If you don't own a woodlot, scurry down to the local landfill after a storm and get permission to cut up logs, limbs, and treetops downed by the storm. Or call the local power company, as it is likely to accumulate logs, limbs, and tops while maintaining power line rights of way. In some areas, firewood is made readily available on public lands. Check with your nearest forest service district ranger or county extension agent.
Another option is to get permission to harvest leftover treetops in freshly logged areas. In the days when my husband and I cut firewood for income, we made our best money when a local logger let us harvest firewood from the slash he left behind. And don't overlook dead or spent orchard trees as a good source of wood. In areas that have restrictions against burning, commercial orchards welcome any offer to cart away spent trees.
The nice thing about cutting your own is that you learn to recognize fuelwood by the kind of tree it comes from, making it easy to load your stove according to the type of fire you want to produce. But even if you take the shortcut and purchase your wood already split, you'll build better fires if you take time to acquaint yourself with the properties of the wood you use for fuel.
In most parts of the country, wood is measured by the cord. In our area, it comes by the rick. What's the difference?
A cord of wood is defined as the volume of wood that could be stacked 8 ft long x 4 ft high x 4 ft deep (128 cu ft). Of this, only about 80 cu ft is solid wood. The rest is bark and air.
If you buy your firewood by the cord, it is not necessary to take the trouble stacking it to those exact dimensions in order to be sure that you're getting the full measure. Instead, stack it any way that's convenient for you, then multiply the length of the stack times the height times the depth (measured in feet). Then divide by 128. If the result is less or more than 1, you received less or more than the full cord that you paid for.

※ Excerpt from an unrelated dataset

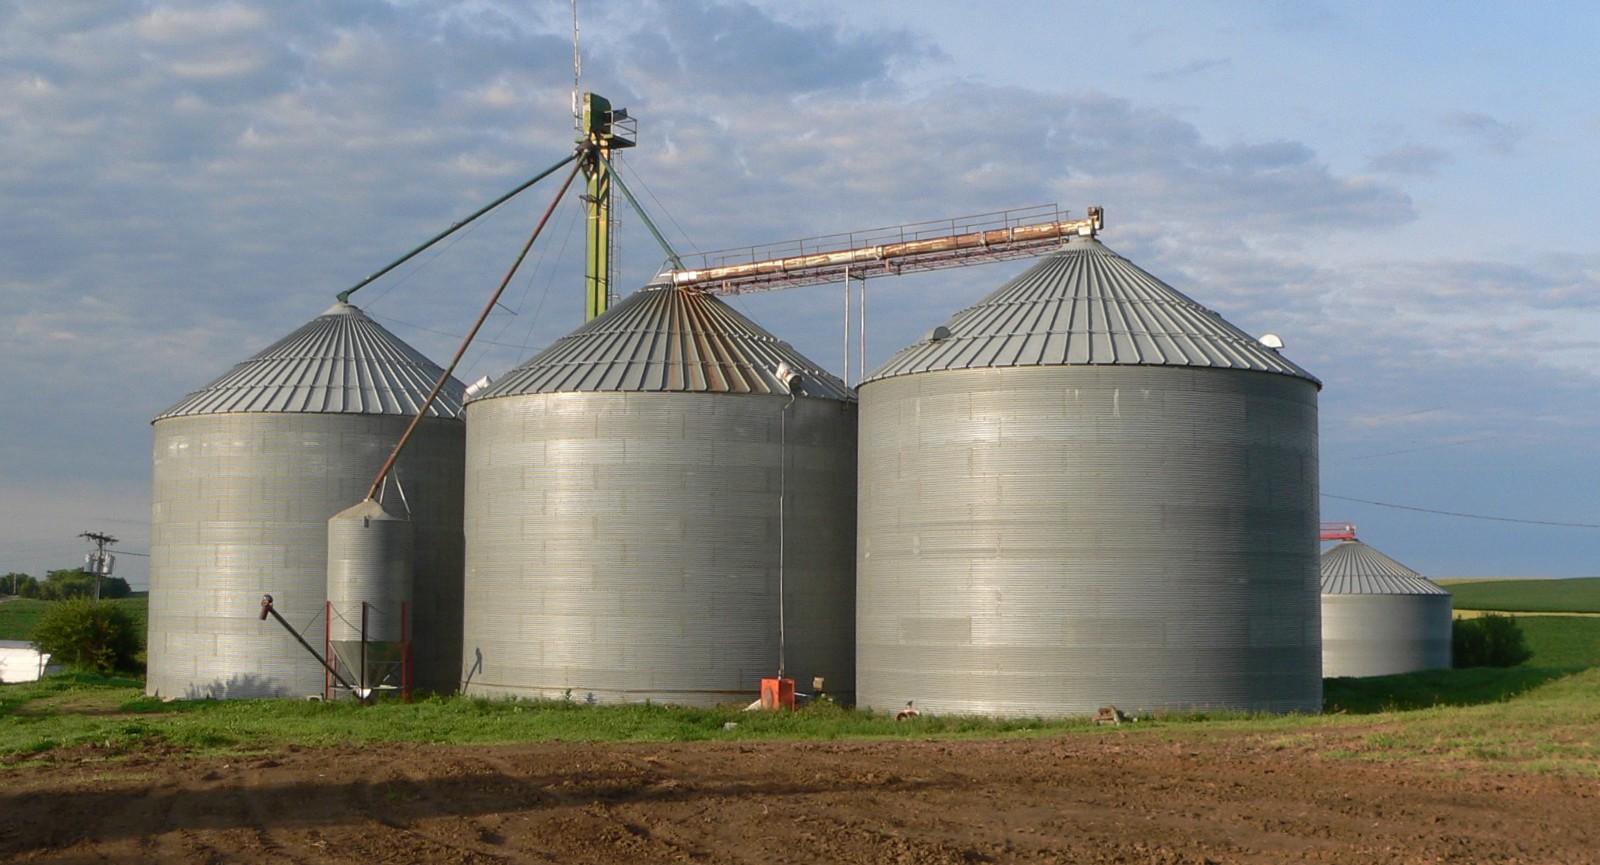 /how-a-north-dakota-farmer-built-an-iot-driven-farm-99a0ecc56f10 feature image
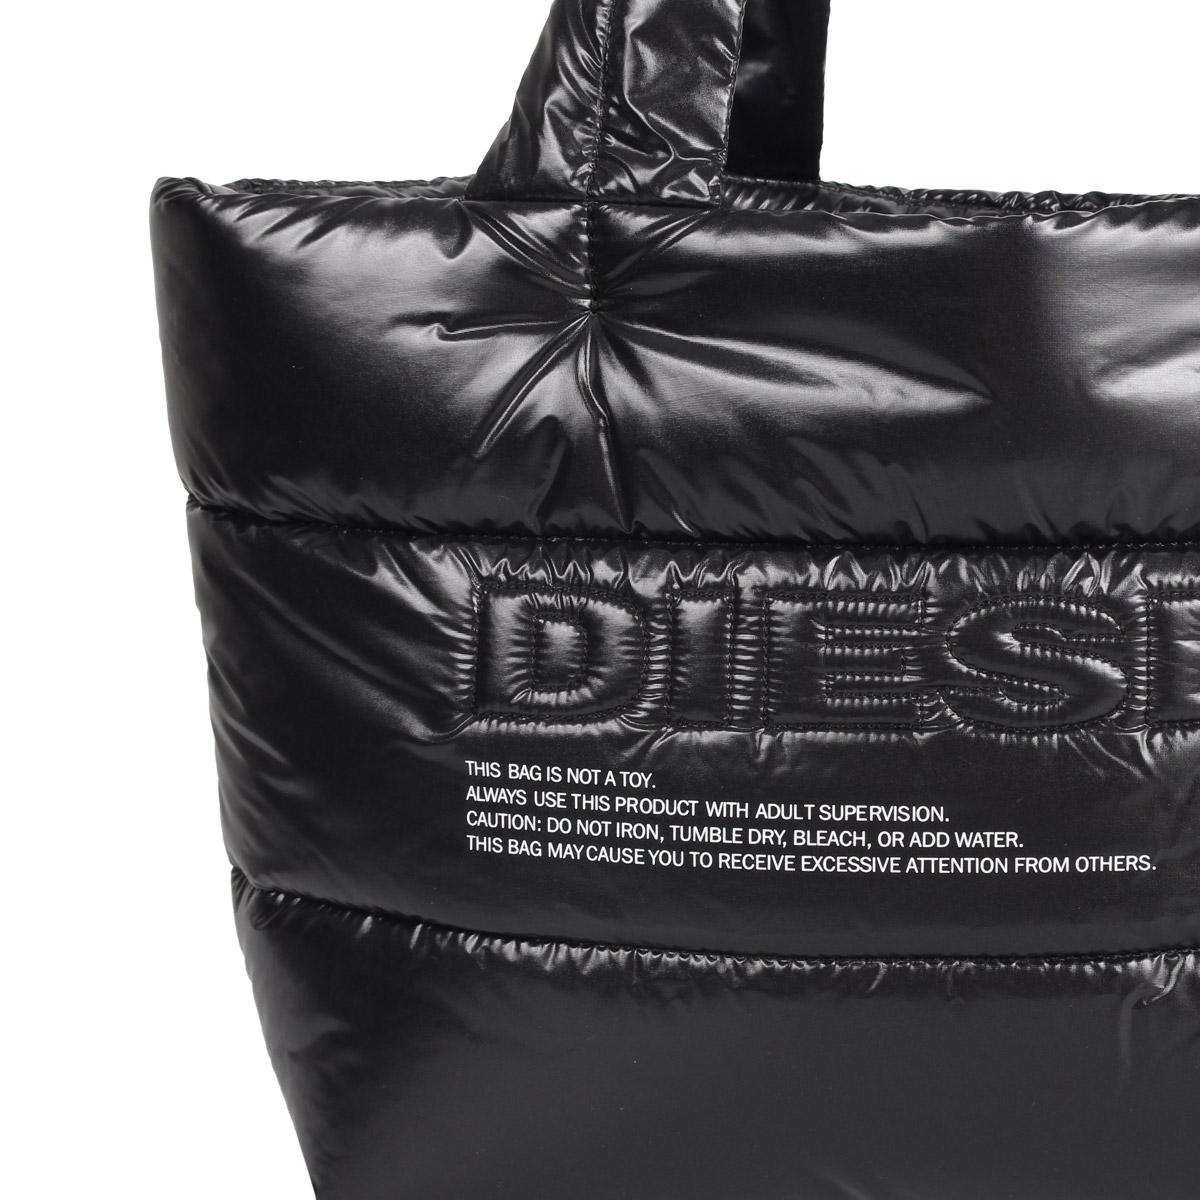 ディーゼル DIESEL バッグ トートバッグ レディース MIRA SHOPPE ブラック 黒 X06459 P2628rQBoedCWx

A rick is the volume of wood that could be stacked 8 ft long x 4 ft high x the depth of the pieces being stacked. A rick is sometimes called a tier or a face cord; this makes sense because it has no specific depth. The surface area of the face of a rick should be 32 sq ft. To determine if you have a full rick, multiply the length of the stack times its height (measured in feet) and divide by 32. If the result is less or more than 1, you have less or more than a rick.
Because a rick lacks specific depth, it has no specific volume. It therefore can't be rigidly defined in terms of a cord, which sometimes leads to confusion. Most of our firewood customers wanted 18-in. wood, so most of the ricks we sold were 3/8 of a cord. A few of our customers ordered cookstove wood cut to 16 in., so their ricks were 1/3 of a cord. For fireplaces, we sometimes cut 24-in. lengths, so a rick of fireplace logs equals 1/2 a cord. If some Goliath with an outsized stove wanted fuelwood in 4-ft lengths, a rick would equal a cord.
In our area, firewood for sale is "ricked up" so customers can see that they're getting full measure. We used to set up a series of metal fence posts 8 ft apart and stack the wood between them to a height of 4 ft. When we delivered wood in our old Dodge pickup bed, measuring was easy. By neatly loading the wood in parallel rows — stacked level with the top of the bed, then heaped slightly at the middle to make up for the space used by the wheel wells — we had exactly one rick of 18-in. sticks. You can determine the holding capacity of your own vehicle by ricking up a split of firewood, then loading it on and remembering how it falls.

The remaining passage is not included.